WORK TASK ▸ Scan the records beneath this line for the line holding "Material: Leather" and the line holding "Extra Details: Herm√®s Shoulder Bag.", then transcribe exactly those two and all lines between.

--- SOURCE INFORMATION Enclosed Below ---

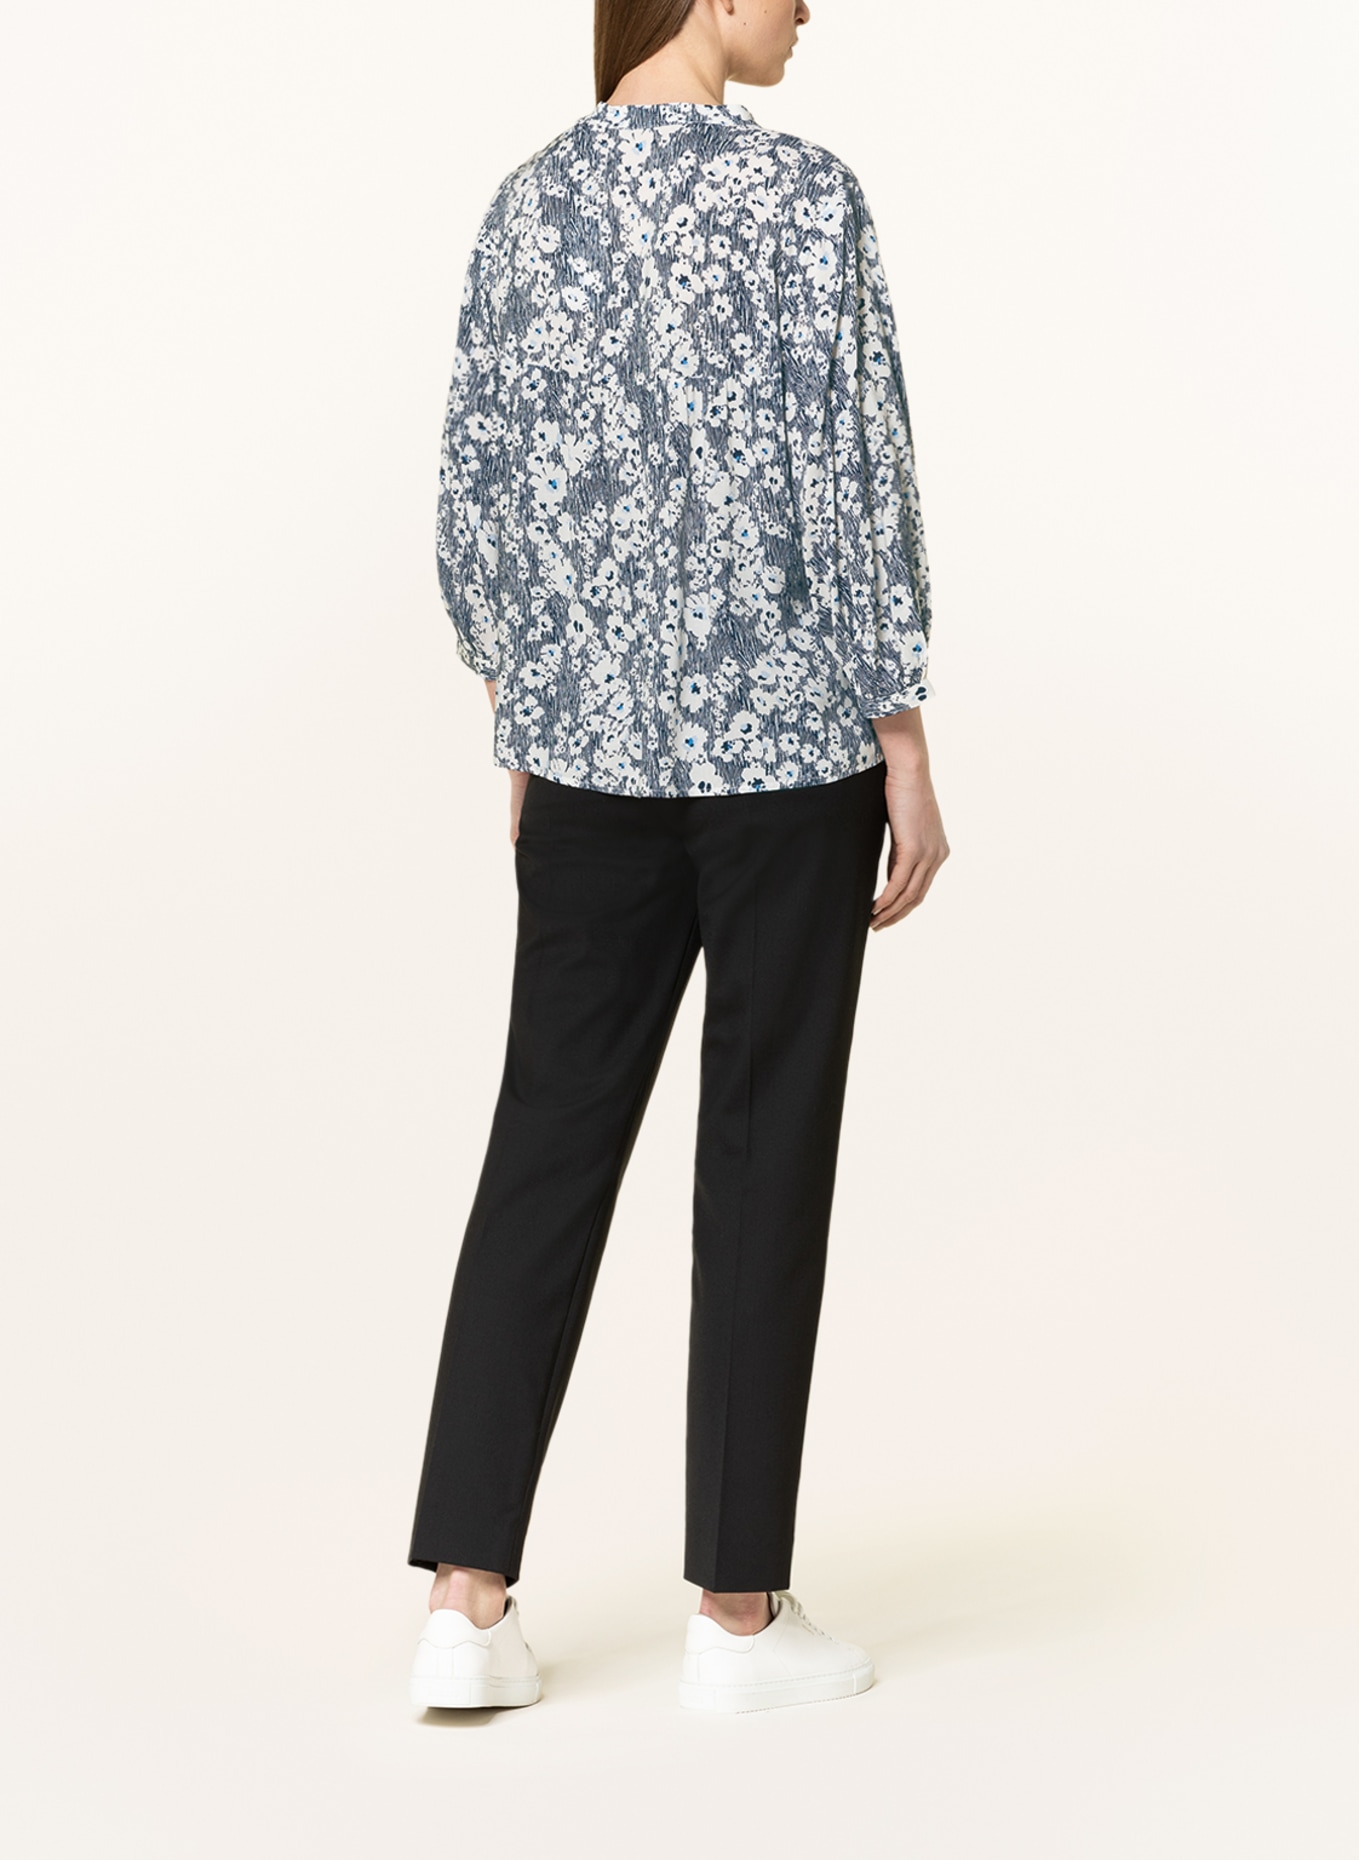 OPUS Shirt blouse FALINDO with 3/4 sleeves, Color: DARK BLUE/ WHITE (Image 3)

--- End of Enclosed SOURCE INFORMATION ---
--- SOURCE INFORMATION Enclosed Below ---

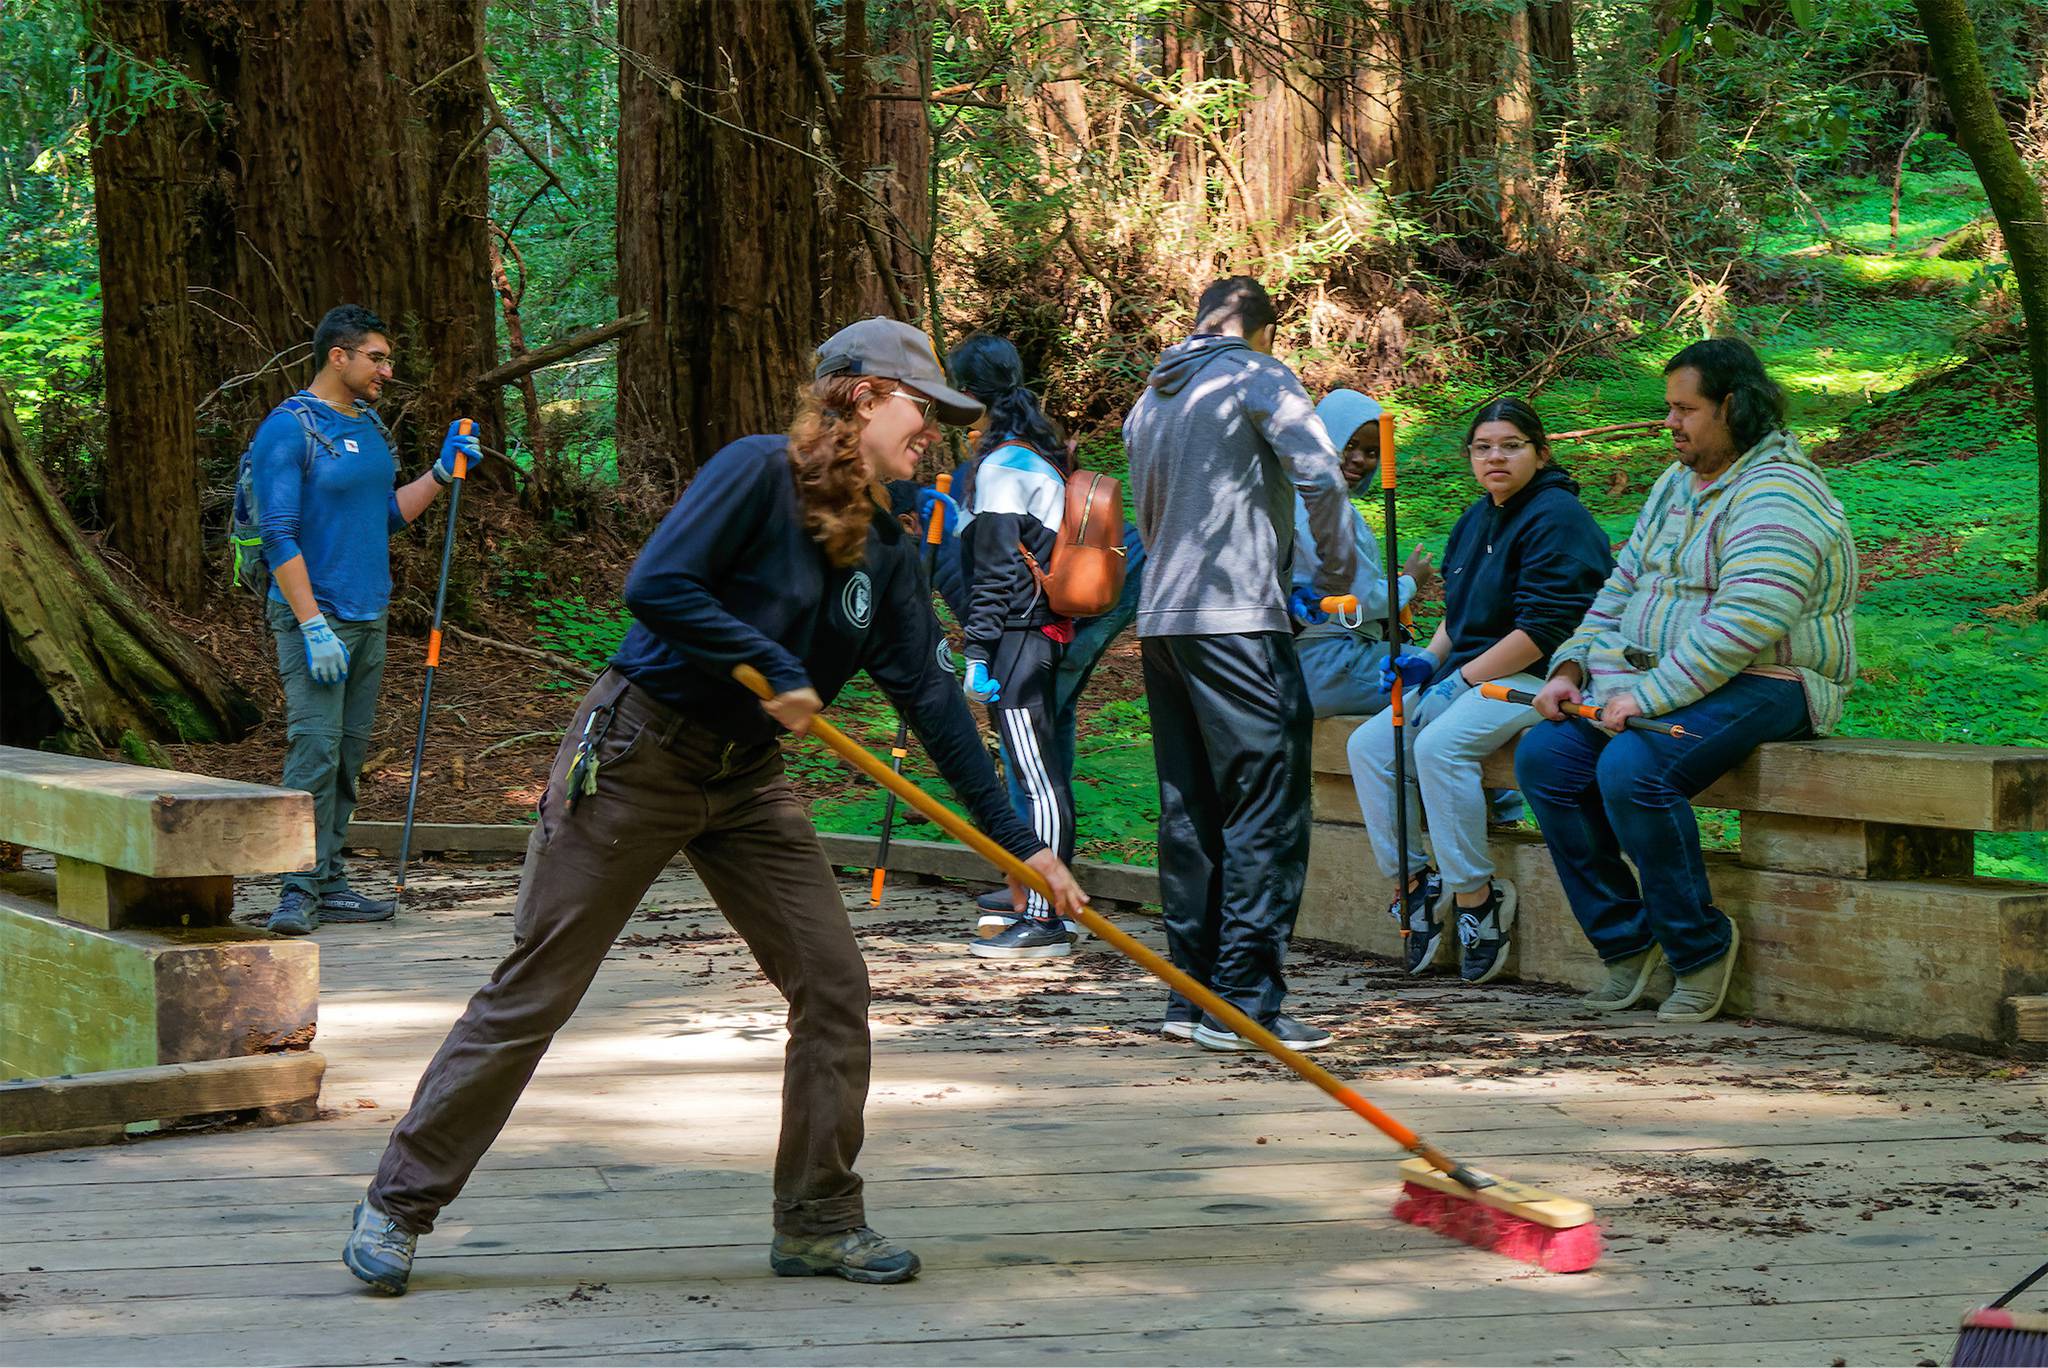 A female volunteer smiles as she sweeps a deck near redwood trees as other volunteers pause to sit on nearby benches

--- End of Enclosed SOURCE INFORMATION ---
--- SOURCE INFORMATION Enclosed Below ---

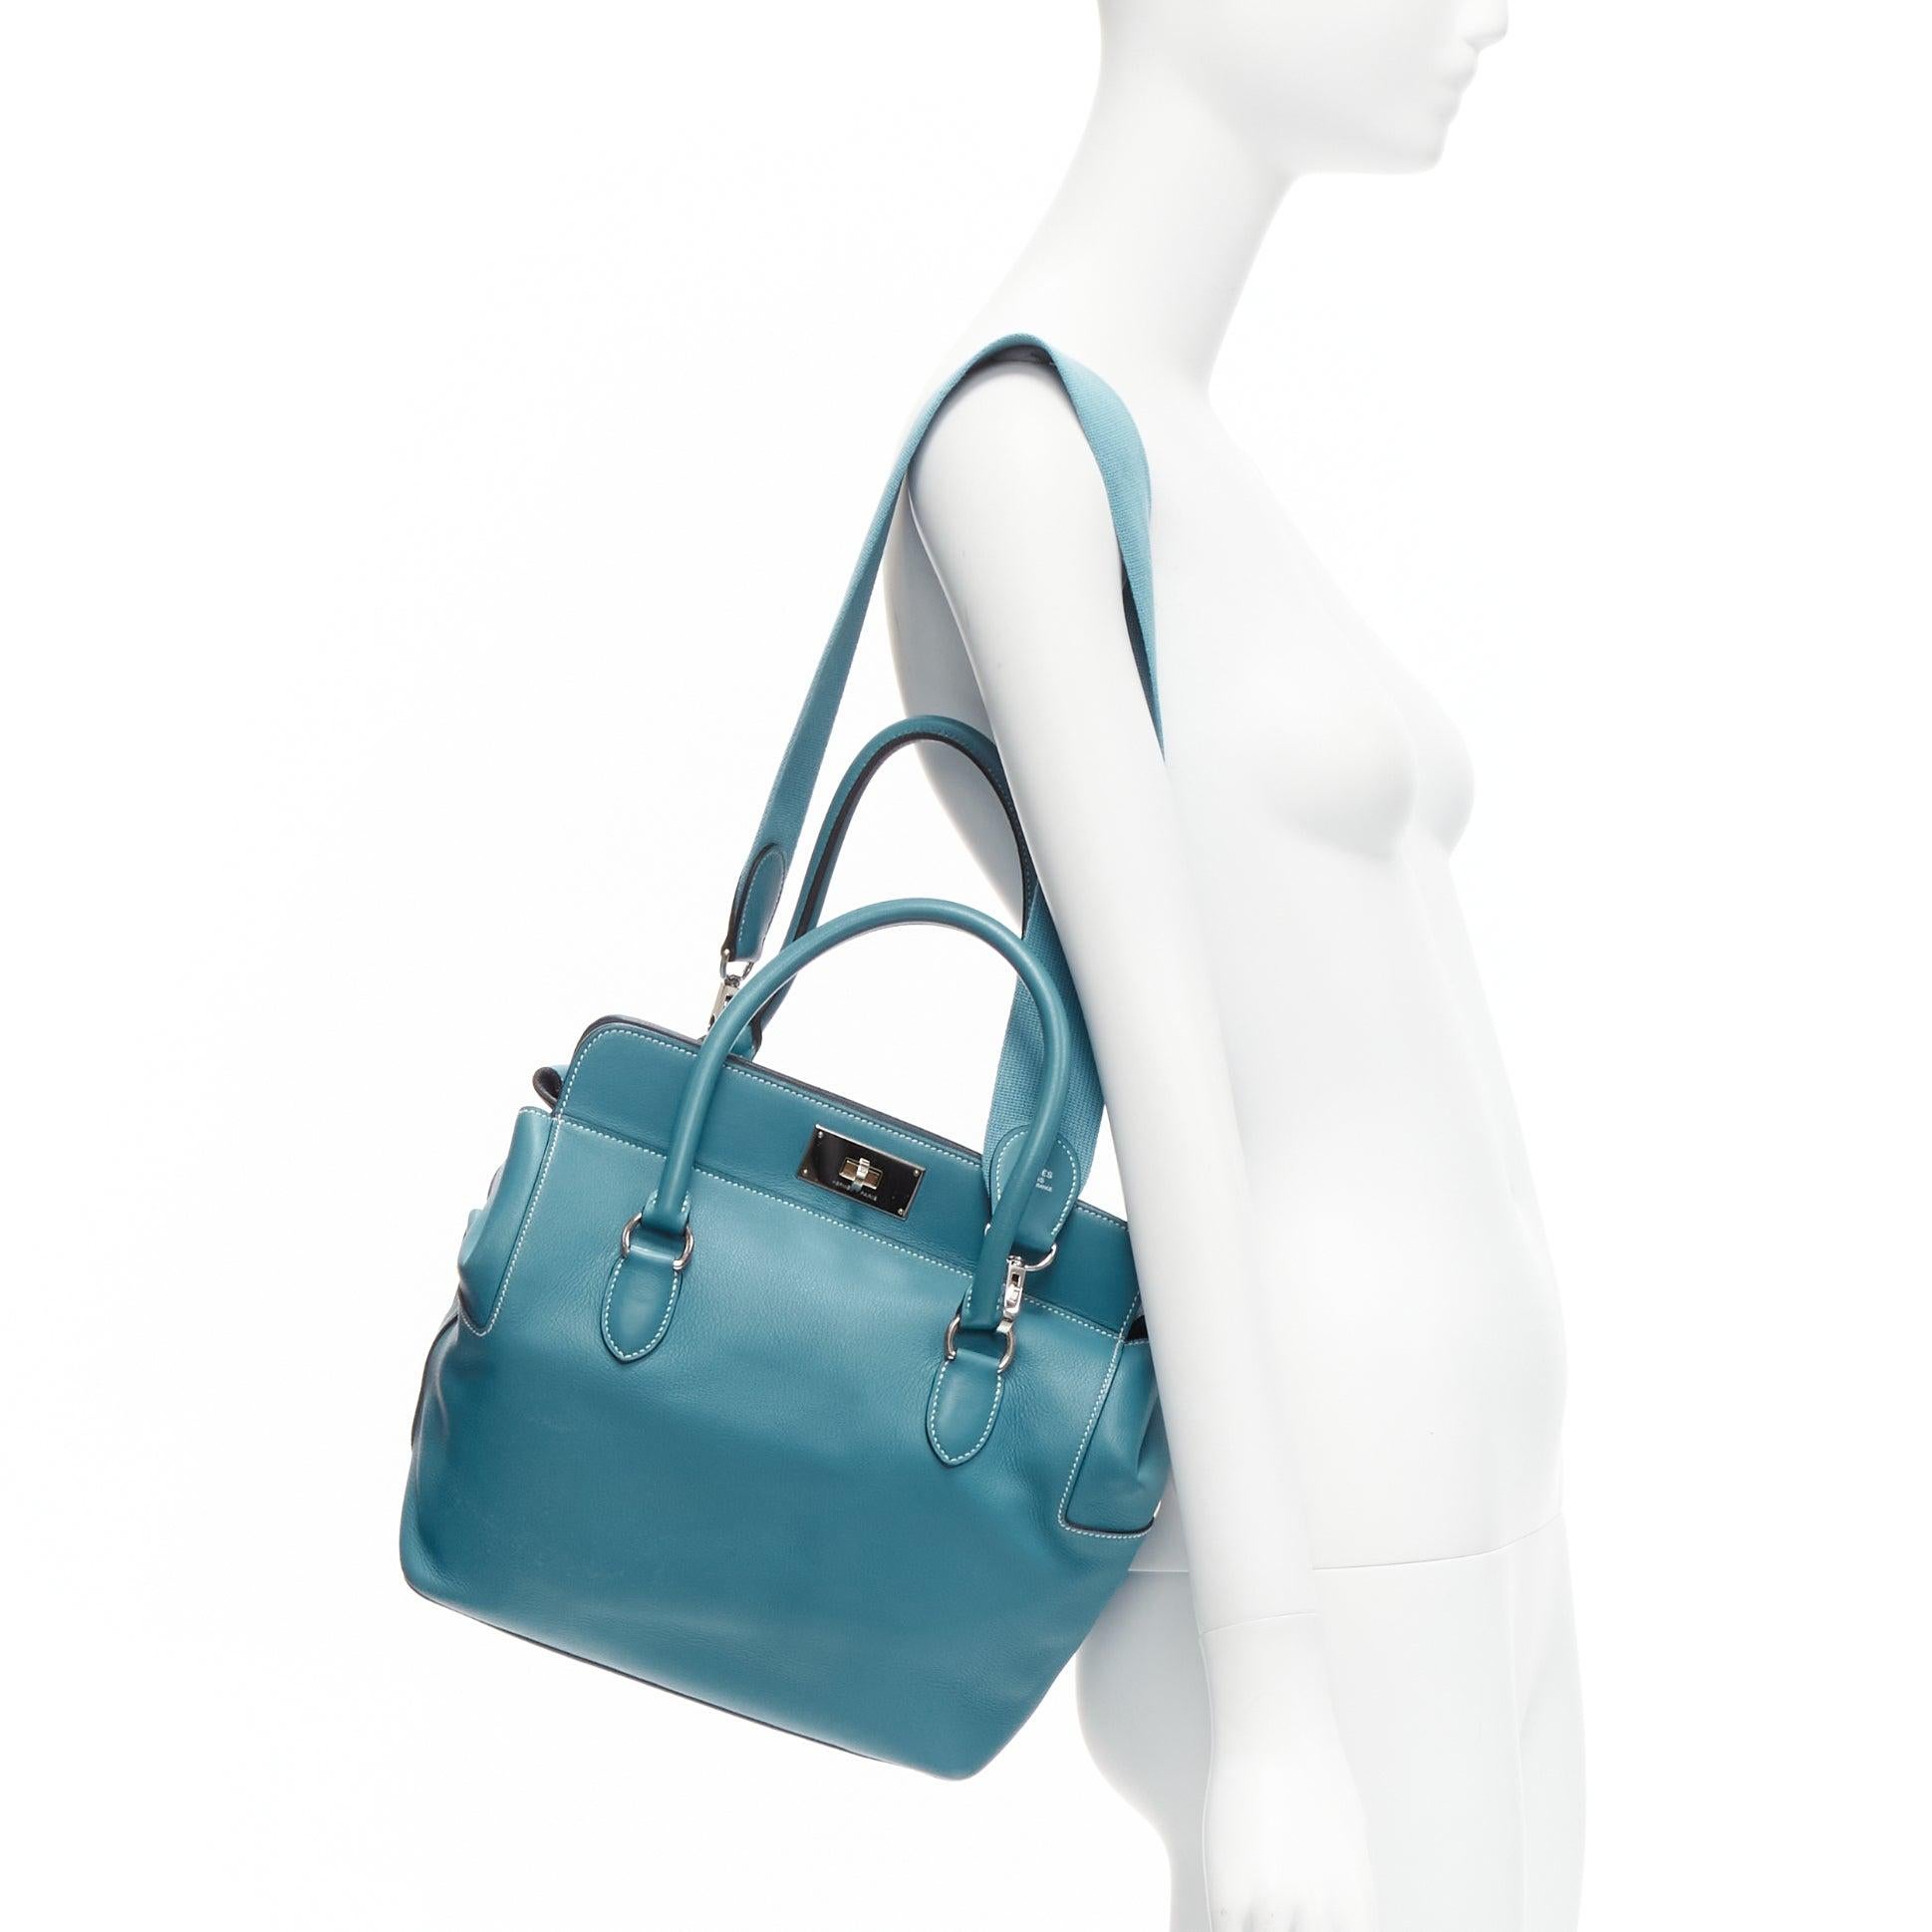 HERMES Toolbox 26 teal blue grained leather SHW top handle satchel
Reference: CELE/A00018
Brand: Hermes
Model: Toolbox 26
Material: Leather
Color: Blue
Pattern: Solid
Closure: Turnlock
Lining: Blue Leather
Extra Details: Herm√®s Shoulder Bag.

--- End of Enclosed SOURCE INFORMATION ---

TASK RESULT ▸
Material: Leather
Color: Blue
Pattern: Solid
Closure: Turnlock
Lining: Blue Leather
Extra Details: Herm√®s Shoulder Bag.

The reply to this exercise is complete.